2. Functional specification

There is two version of clock. A tiny 24h clock and a larger version with calendar. The clock base on calculating processors clock pulse. Typical clock crystals used in microcontroller devices have inaccuracy of less than 20 ppm which means less than 10 minutes per year. This is good enough for most of applications. The version with calendar has capability to calculate up to year 25599 taking care of leap-years. Clock has no summer-time winter-time transition functionality.

PIC microcontrollers have internal 8-bit TMR0 counter register to count clock pulses or external pulses. The register can be configured to produce interrupt signal when overflowing from 0xff to 0x00. This register can be prescaled up to 256 to divide the incoming pulses. Every time interrupt signal is generated the interrupt procedure is executed.

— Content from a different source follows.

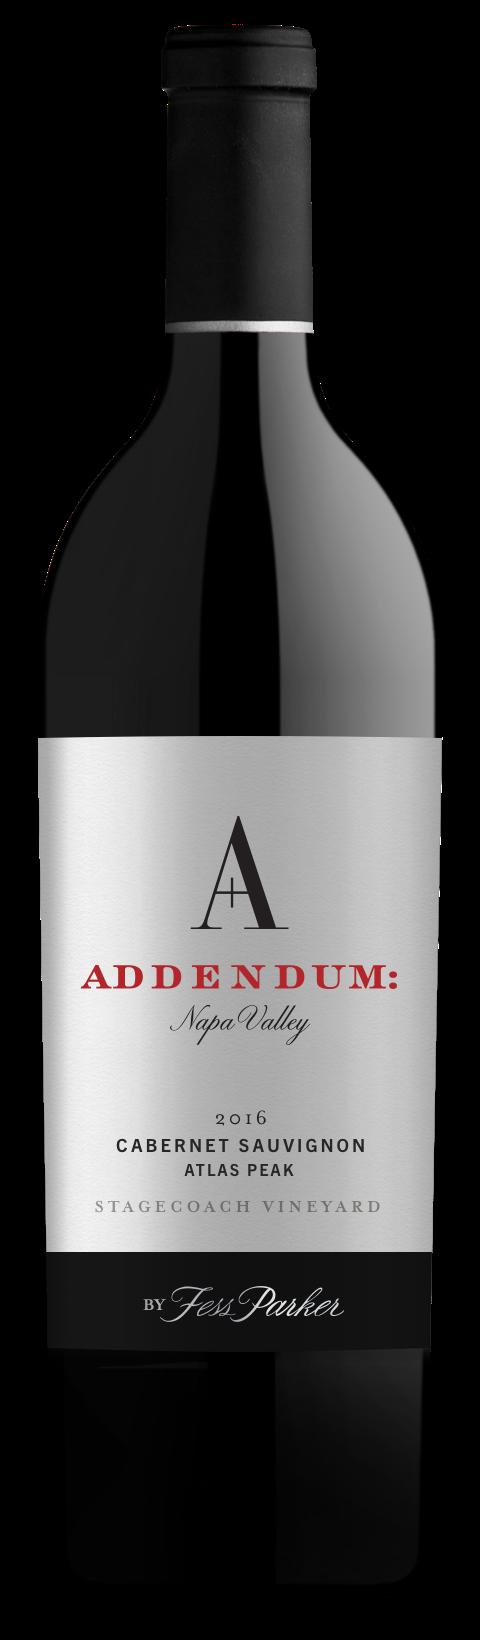 2016 Addendum Cabernet Sauvignon, Stagecoach Vineyard, Atlas Peak - bottle shot
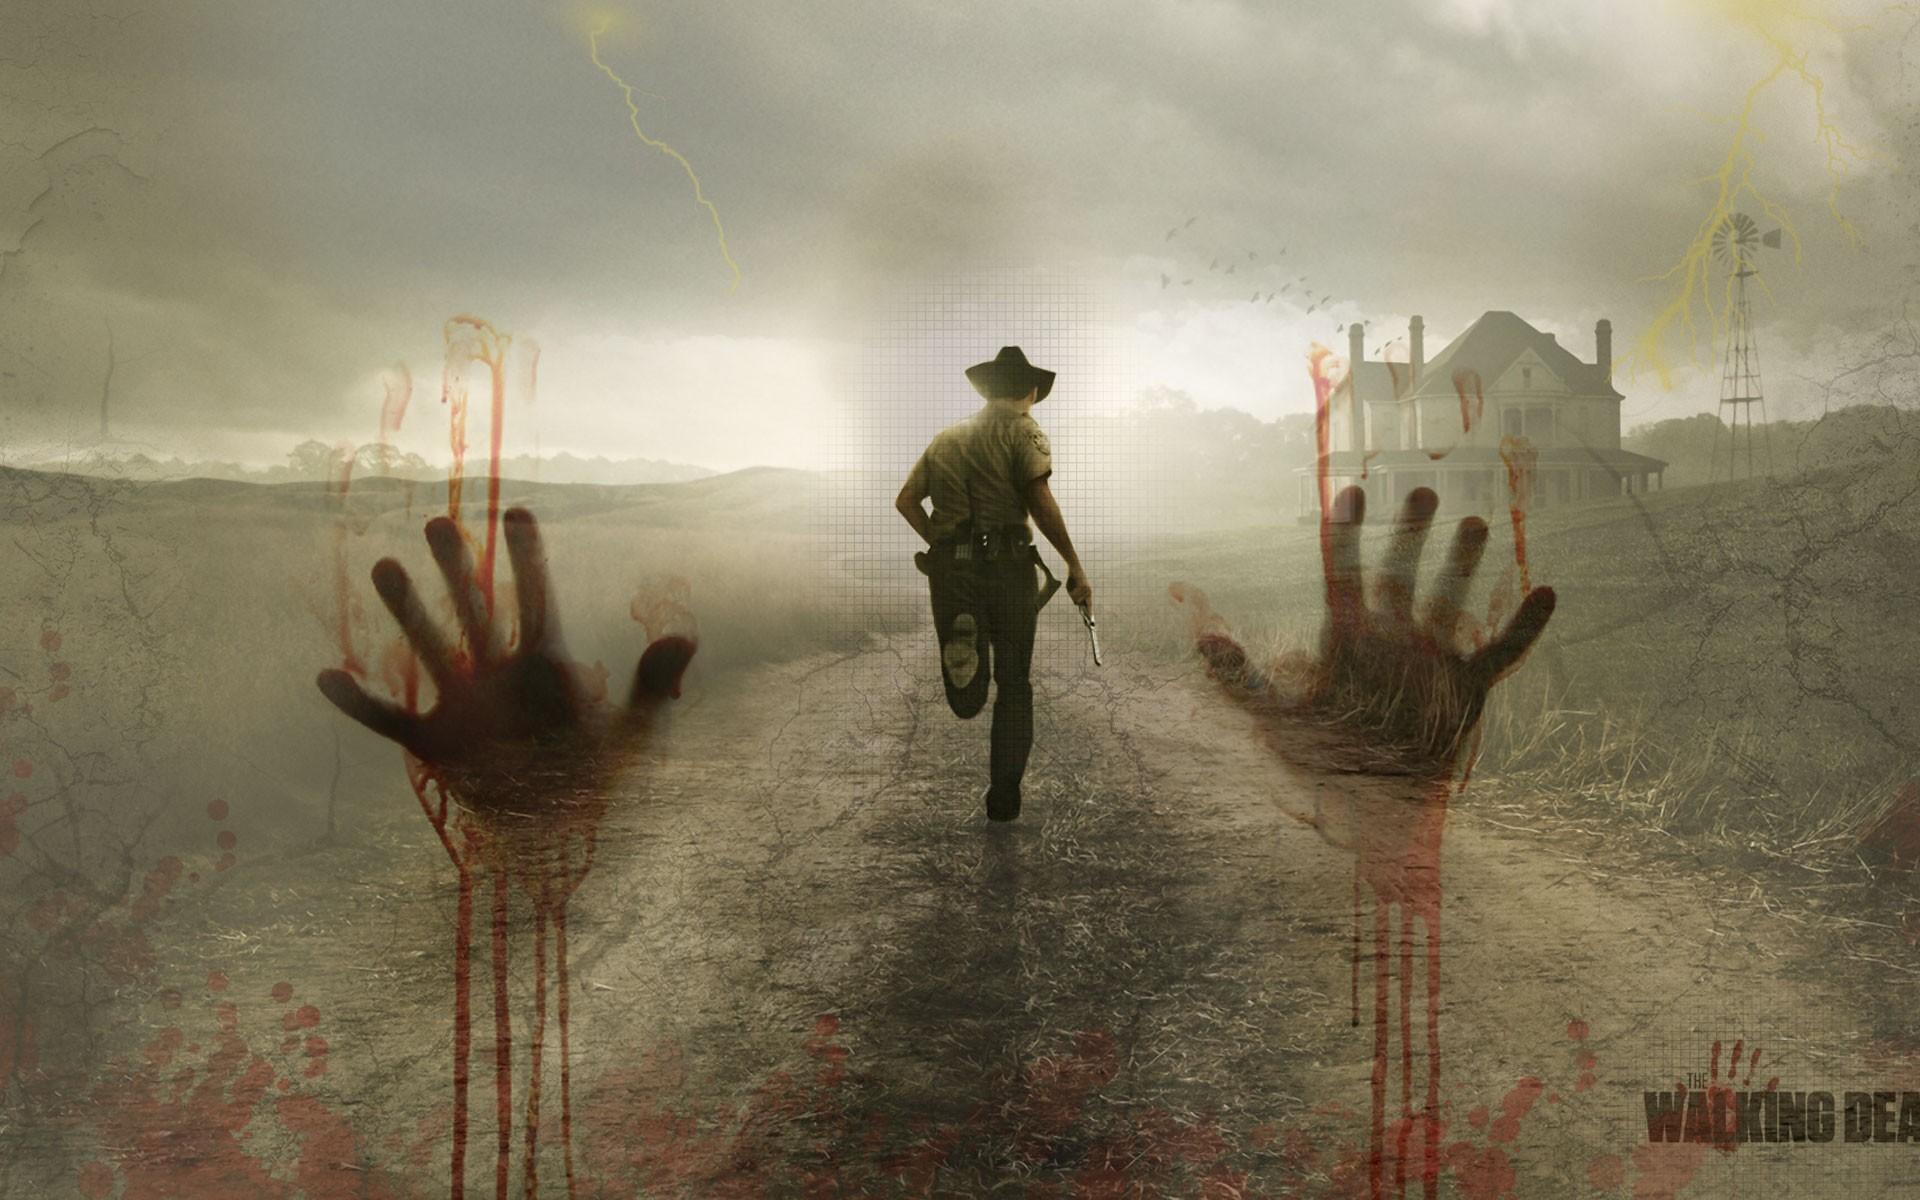 The-Walking-Dead-season-4-01053-Hd-Wallpaper-Background

The procedure simpli increase the value of time counter registers every time it is executed.

The tiny clock consumes only about 5% of microcontrollers resources. The clock implementation is about 50 lines of assembler code. This takes 50 bytes of MCU's program memory, which is total 1024 bytes. The clock code is executed only when internal TMR0 register produce interrupt signal. This happens depending on clock crystal 10 to 100 times per second. At most of the cases only small part of clock code is executed, the average processing time consuption is 5%. The calendar version is twice as big as the smaller one about 100 bytes of program memory. The calendar update functionality is executed only once per day, so it doesn't load the processor.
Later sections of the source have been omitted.